Google Nov. 2 made its Google
Wave Federation Protocol available to let would-be wave providers build
their own Wave servers and get them communicating with other Wave servers,
similar to the way e-mail servers talk to one another.
Google wave is currently letting more than 100,000 users send
each other instant messages, share files and connect via social networking
tools in sessions called "waves."
Wave has been released as open source under the Apache license,
and application developers have been free to download the code to build applications
that work with Wave.
When Google Wave rolled out more broadly Sept. 30, it did so with nine
applications to extend the platform, including extensions from Ribbit,
Gravity and Salesforce.com.
So there are users at the front lines, with applications developers
somewhere in the middle. Yet there is a third part to the Wave tale that could
become the foundation for the Wave experience.

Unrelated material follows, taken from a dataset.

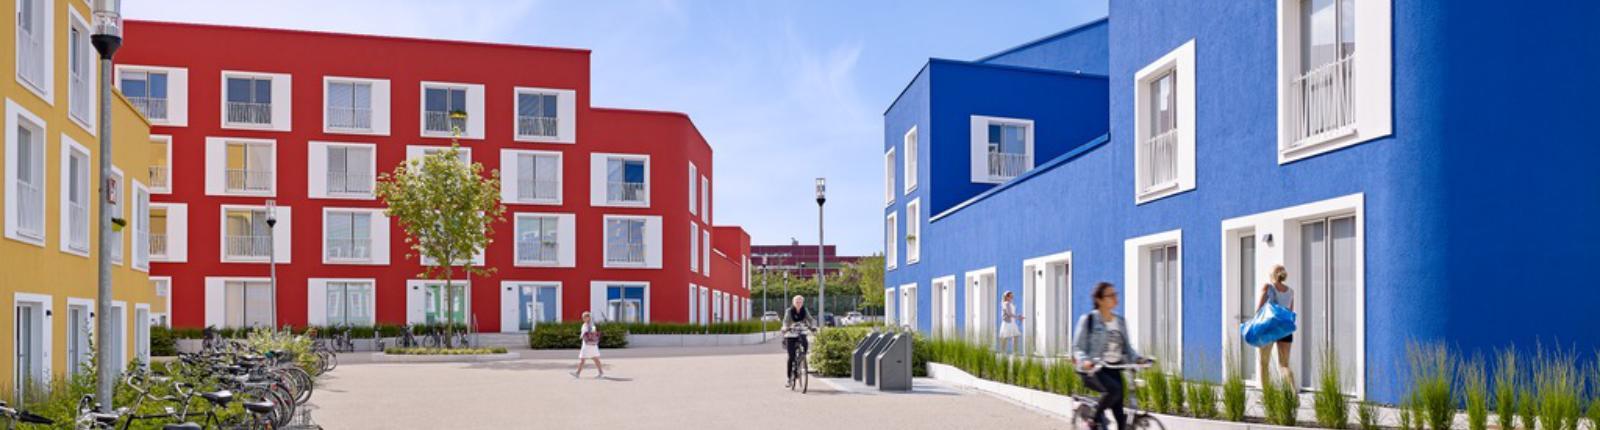 Funktionelle Fassadenfarbe Muller Sohn Frechen Koln

The Google Wave team has said it wants to enable any developer with the
programming chops to work on "experimental interoperability," using
the Google Wave Federation Protocol, an open extension to the XMPP core
protocol that enables near-real-time communication of wave updates between two
Wave servers.
To do this, developers will use FedOne, the Google
Wave Federation Prototype Server in WaveSandbox.com. The Wave team wrote Nov. 2:
"Given the goal [of building] out a distributed network of providers,
we're glad to be taking this step today and opening up the federation port for
development purposes. We look forward to working with you to continue iterating
on the protocol, developing an open source production quality reference
implementation, and, of course, federating wave.google.com with many wave
providers in the future."
This federation aims to enable Wave servers to proliferate in a manner akin
to the way e-mail systems sprouted up, paving the way to reach more users in
the future.
But how many programmers will want to build their own Wave servers? That
remains to be seen. After all, the service has been tricky for some users to
get comfortable with, prompting Lifehacker editors to create a 90-page user manual for the
platform.
If users are stymied by Wave, would developers want to spend time and
resources coding Wave servers to facilitate such communications?